7.3 Sampling distribution and the test

Because the sample correlation is a random variable, it changes with every sample; how often each value appears can be described by its sampling distribution. What is that distribution? Let us approximate it by simulation, repeating the sampling many times.¹

iter <- 10000
samples <- c()
for (i in 1:iter) {
  selected_row <- sample(1:N, 20)
  s_i <- X[selected_row, ]
  cor_i <- cor(s_i)[1, 2]
  samples <- c(samples, cor_i)
}
df <- data.frame(R = samples)
# histogram
g <- df %>%
  ggplot(aes(x = R)) +
  geom_histogram(binwidth = 0.01)
print(g)

The histogram shows that with \(n = 20\), sample correlations of \(r = 0.3\) or even \(r = 0.4\) are not at all unusual even when the population correlation is exactly zero.
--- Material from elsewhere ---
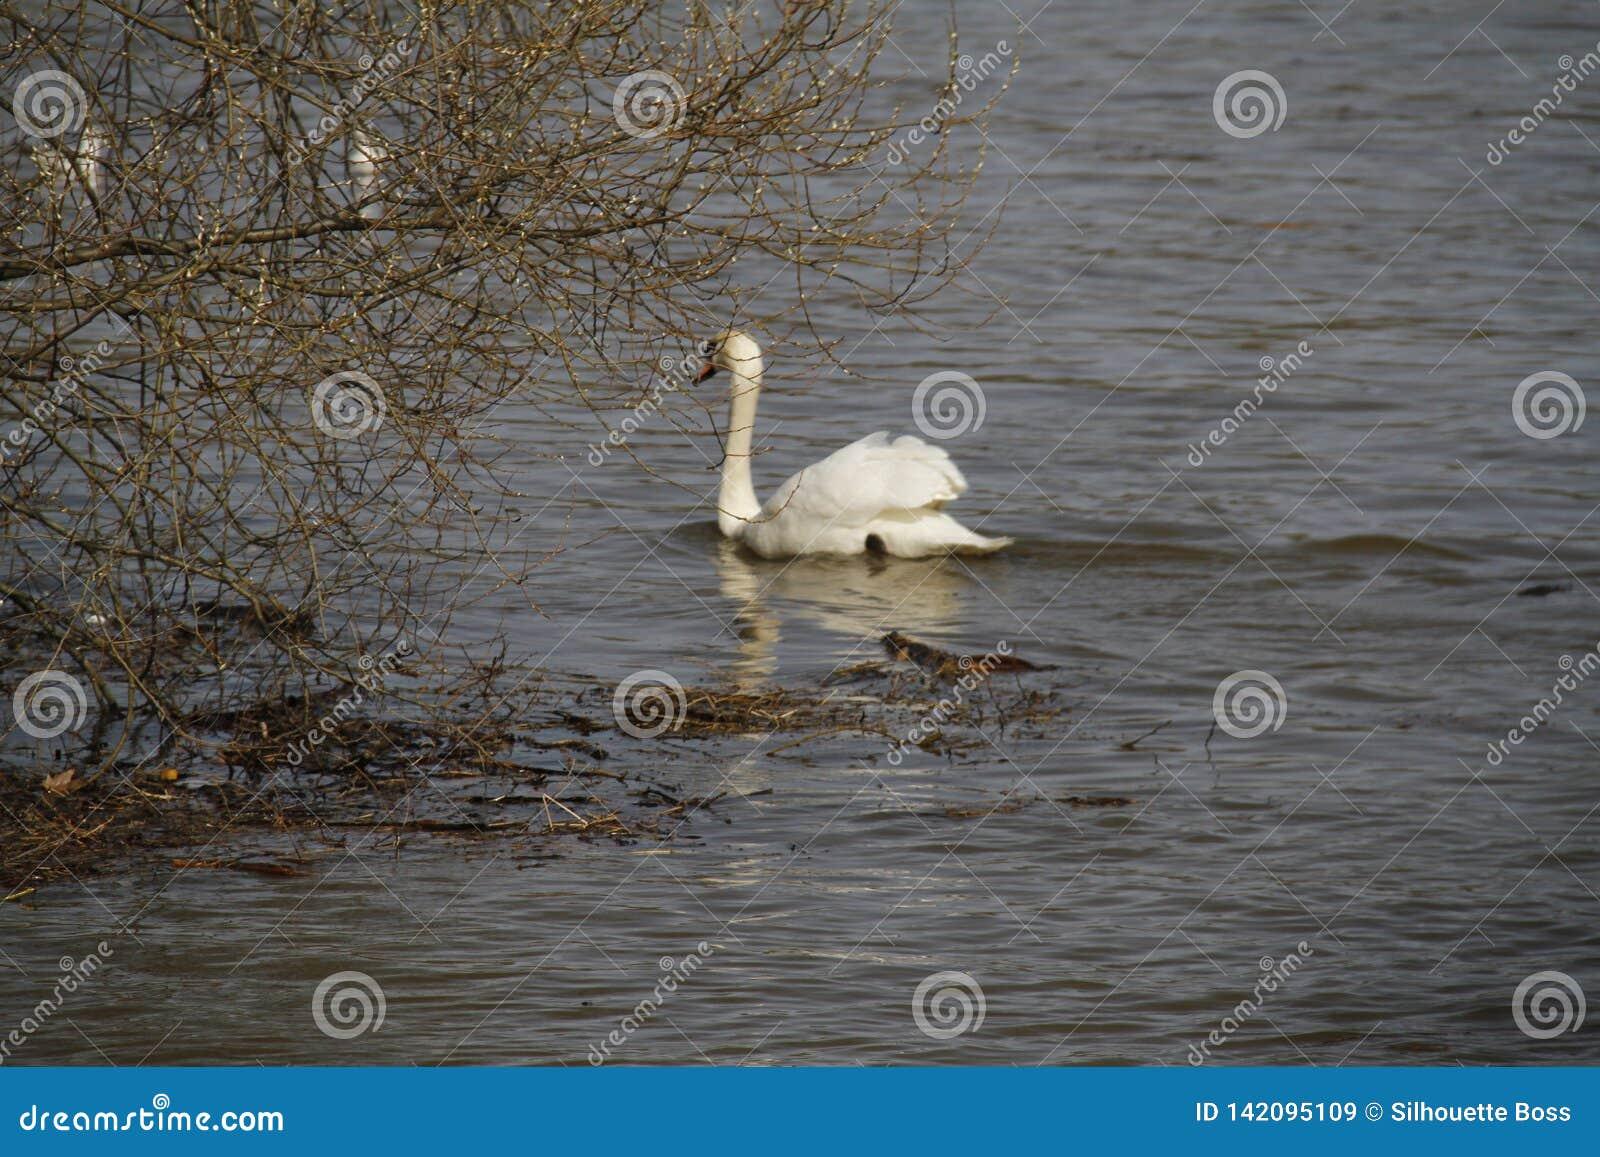 Ein junger Schwan schwimmt ruhig auf dem Wasser

The sampling distribution also looks roughly symmetric. Mathematical statistics tells us that, for a correlation, transforming the sample correlation as below yields a quantity following a \(t\)-distribution with \(n - 2\) degrees of freedom:

\[ t = \frac{r\sqrt{n-2}}{\sqrt{1-r^2}} \]

df %>%
  mutate(T = R * sqrt(18) / sqrt(1 - R^2)) %>%
  ggplot(aes(x = T)) +
  geom_histogram(aes(y = after_stat(density)), binwidth = 0.1) +
  # overlay the t(18) density
  stat_function(fun = dt, args = list(df = 18), color = "red", linewidth = 2) +
  # y-axis label
  ylab("Density")

The test of a correlation proceeds from there. Walking through the procedure with \(n = 20\) and an observed sample correlation \(r = 0.5\):

The null hypothesis is \(\rho = 0.0\); the alternative is \(\rho \neq 0.0\).
The test statistic is the \(t\) obtained from \(r\) via the transformation above.
The decision criterion is \(\alpha = 0.05\): we want the probability of incorrectly rejecting \(\rho = 0\) to be at most 5%.
Compute the test statistic. With \(n = 20\) and \(r = 0.5\), \[t = \frac{0.5 \times \sqrt{18}}{\sqrt{1 - 0.5^2}} = 2.449.\]
The probability that the absolute value of the sample correlation exceeds 0.5, derived from the \(t\) distribution, is computed as below. Alternatively, the critical value that bounds the central 95% of the \(t\) distribution is computed as below.

(1 - pt(0.5 * sqrt(18) / sqrt(1 - 0.5^2), df = 18)) * 2

[1] 0.02476956

qt(0.975, df = 18)

[1] 2.100922

Note an important subtlety: the test asks whether we can reject \(\rho = 0\), so the sign of the correlation is irrelevant — we work in absolute value. pt() returns the cumulative area up to a given point; subtracting from 1 gives the upper-tail area. The \(t\) distribution is symmetric, so doubling gives the two-tailed probability. If this is below 5%, we declare significance. Here, the test is significant.

A wording note: this probability is the probability of obtaining a value at least as extreme as the observed one, not the probability of obtaining the observed value itself. Probabilities correspond to areas, and a single point has no area.

qt() returns the critical value; if our test statistic exceeds it, we declare significance. Here the test statistic is \(t(18) = 2.449\), larger than the critical value \(2.100\), so we declare significance.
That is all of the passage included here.